** Opening Supplied data block **

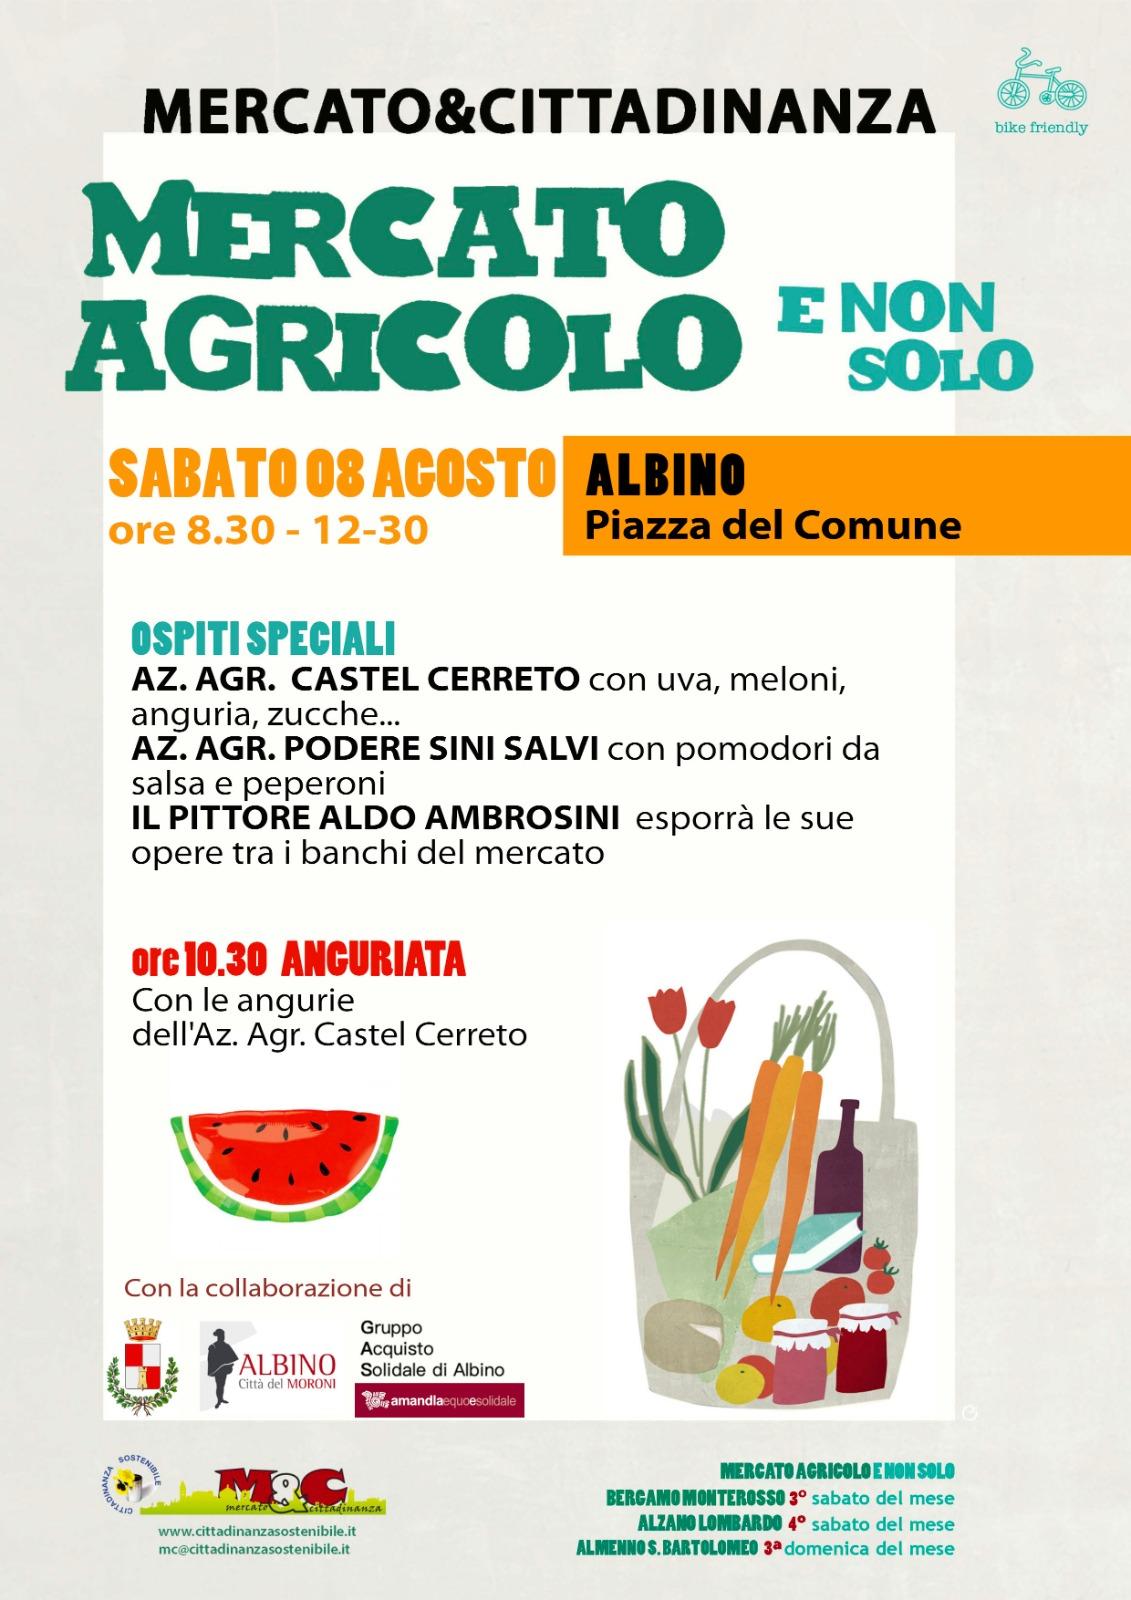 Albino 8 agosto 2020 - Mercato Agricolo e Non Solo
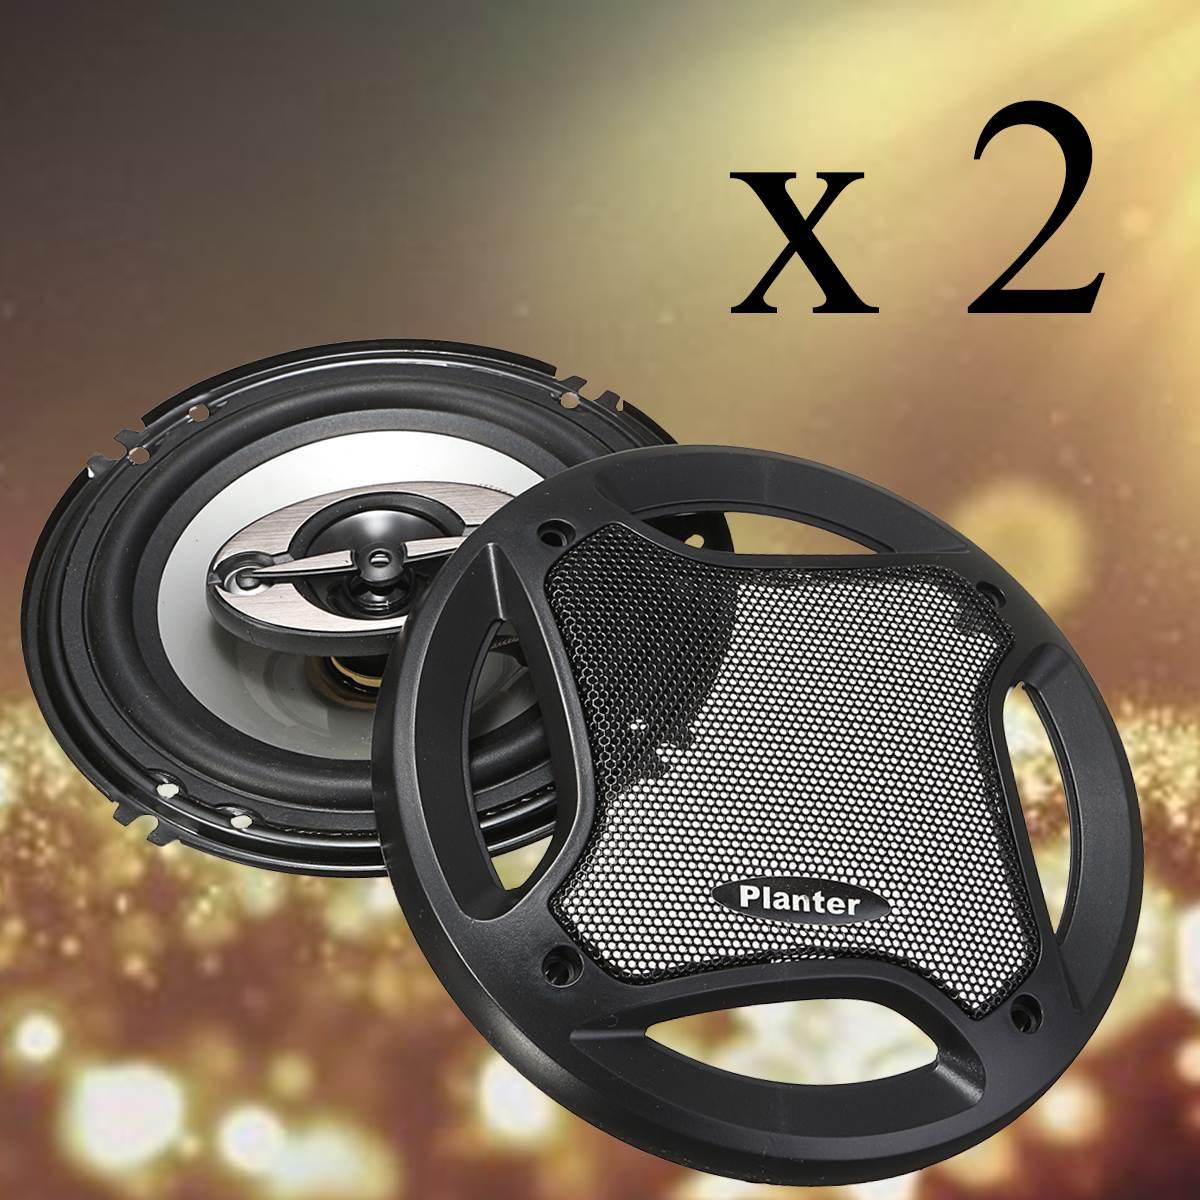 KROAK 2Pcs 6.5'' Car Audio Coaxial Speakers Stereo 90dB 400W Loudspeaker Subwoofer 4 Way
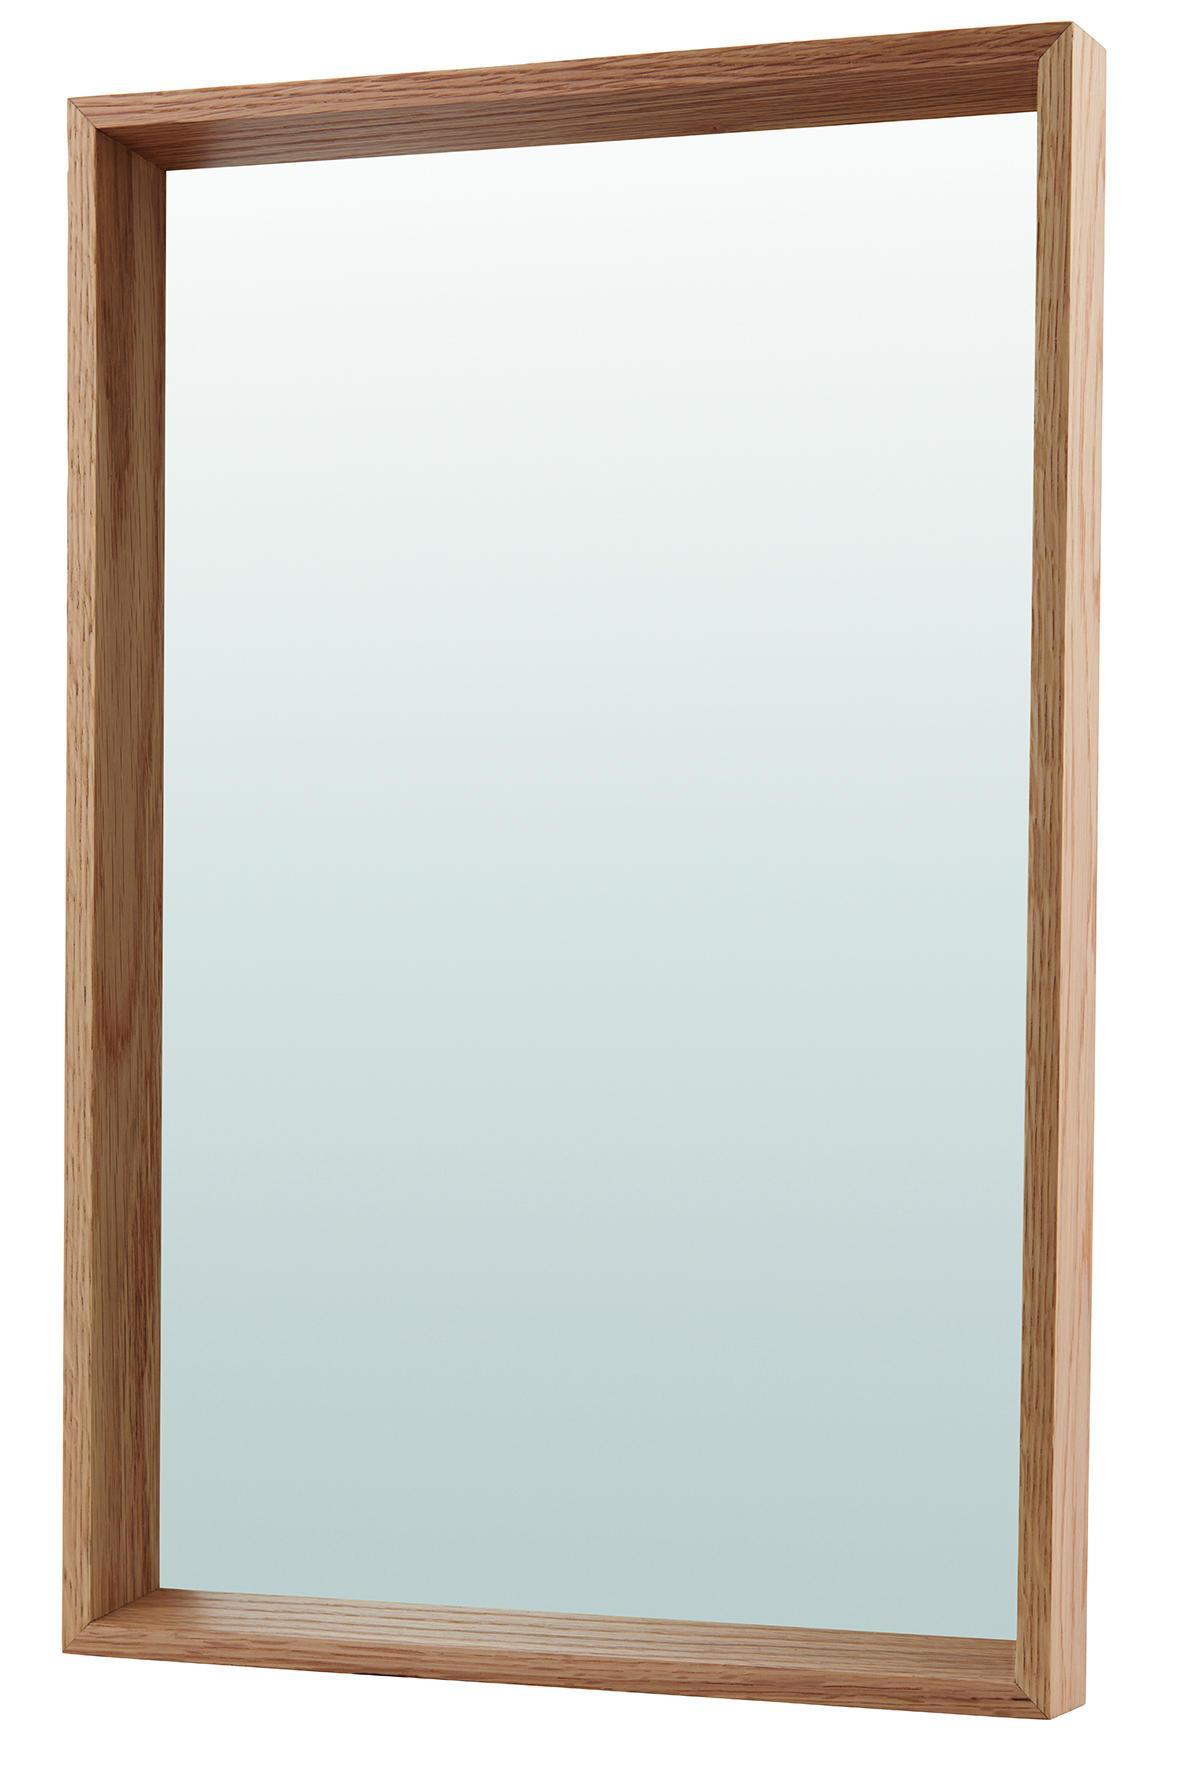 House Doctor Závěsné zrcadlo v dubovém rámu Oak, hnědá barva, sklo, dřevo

** Closing Supplied data block **

▶ _Exercise directions_
Everything in the listing except the pictures must come back exactly as written.

▶ _Task result_
 Albino 8 agosto 2020 - Mercato Agricolo e Non Solo
 KROAK 2Pcs 6.5'' Car Audio Coaxial Speakers Stereo 90dB 400W Loudspeaker Subwoofer 4 Way
 House Doctor Závěsné zrcadlo v dubovém rámu Oak, hnědá barva, sklo, dřevo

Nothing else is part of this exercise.